That argument seems to be premised on the notion that morality is a matter of nothing more than what a person likes or doesn't like. I think that would demonstrate a complete failure to grasp the concepts of ethics and morality.

I would derive the same conclusion as you do simple by observing that rights are morally justified by definition. In other words, the question of moral justification has already been begged by the label "universal right", so that those who want to deny the universal right to private property need to challenge the basis on which that right is asserted by its proponents. Of course, ever since Jeremy Bentham dubbed all discourse on natural rights as "nonsense on stilts", the burden of proof is generally seen to lie with those who wish to employ the concept of natural rights.

Which leads me to ask you whether "the universal right to own property" means that everyone in the world has that legal right; ie. everyone lives under legal systems which defines ownership and property and provides protection against attacks on them. If not, what work do you think the word "universal" is doing in that designation?
According to Bentham, no person has a right to private property (moral and legal) unless the government grants such a right by law. (a legal right) I suspect that this is mick's position.

"b. Rights

Bentham's views on rights are, perhaps, best known through the attacks on the concept of "natural rights" that appear throughout his work. These criticisms are especially developed in his Anarchical Fallacies (a polemical attack on the declarations of rights issued in France during the French Revolution), written between 1791 and 1795 but not published until 1816, in French. Bentham's criticisms here are rooted in his understanding of the nature of law. Rights are created by the law, and law is simply a command of the sovereign. The existence of law and rights, therefore, requires government. Rights are also usually (though not necessarily) correlative with duties determined by the law and, as in Hobbes, are either those which the law explicitly gives us or those within a legal system where the law is silent. The view that there could be rights not based on sovereign command and which pre-exist the establishment of government is rejected.

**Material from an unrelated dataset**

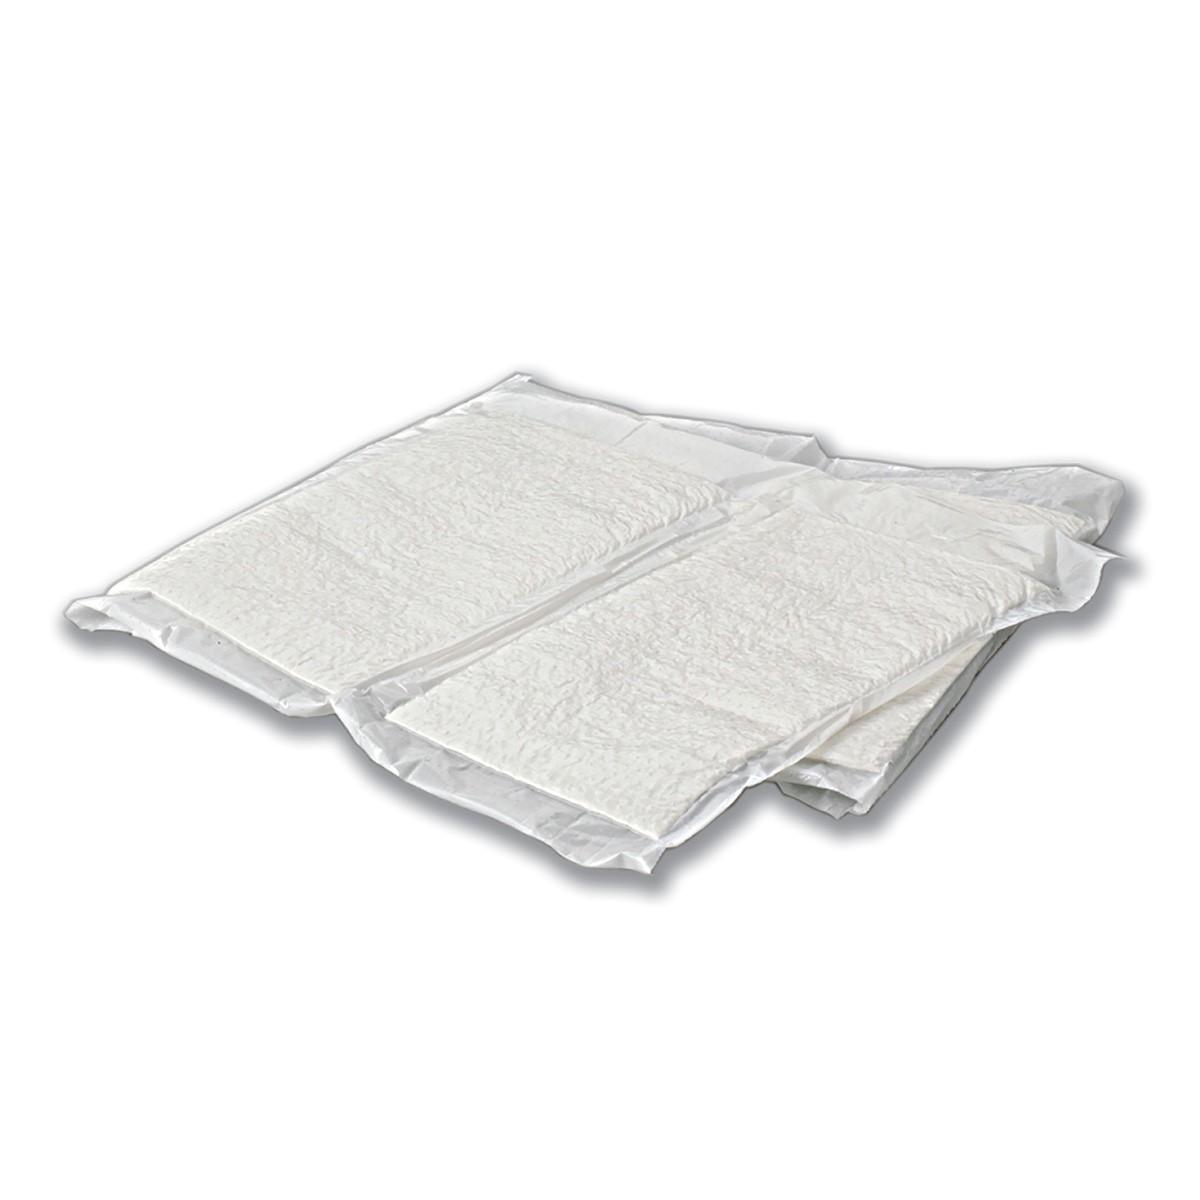 Soak-Up Pad 4x7in - White | 3500pcs

According to Bentham, then, the term "natural right" is a "perversion of language." It is "ambiguous," "sentimental" and "figurative" and it has anarchical consequences. At best, such a "right" may tell us what we ought to do; it cannot serve as a legal restriction on what we can or cannot do. The term "natural right" is ambiguous, Bentham says, because it suggests that there are general rights—that is, rights over no specific object—so that one would have a claim on whatever one chooses. The effect of exercising such a universal, natural "right" would be to extinguish the right altogether, since "what is every man's right is no man's right." No legal system could function with such a broad conception of rights. Thus, there cannot be any general rights in the sense suggested by the French declarations.

Moreover, the notion of natural rights is figurative. Properly speaking, there are no rights anterior to government. The assumption of the existence of such rights, Bentham says, seems to be derived from the theory of the social contract. Here, individuals form a society and choose a government through the alienation of certain of their rights. But such a doctrine is not only unhistorical, according to Bentham, it does not even serve as a useful fiction to explain the origin of political authority. Governments arise by habit or by force, and for contracts (and, specifically, some original contract) to bind, there must already be a government in place to enforce them.

Finally, the idea of a natural right is "anarchical." Such a right, Bentham claims, entails a freedom from all restraint and, in particular, from all legal restraint. Since a natural right would be anterior to law, it could not be limited by law, and (since human beings are motivated by self-interest) if everyone had such freedom, the result would be pure anarchy. To have a right in any meaningful sense entails that others cannot legitimately interfere with one's rights, and this implies that rights must be capable of enforcement. Such restriction, as noted earlier, is the province of the law.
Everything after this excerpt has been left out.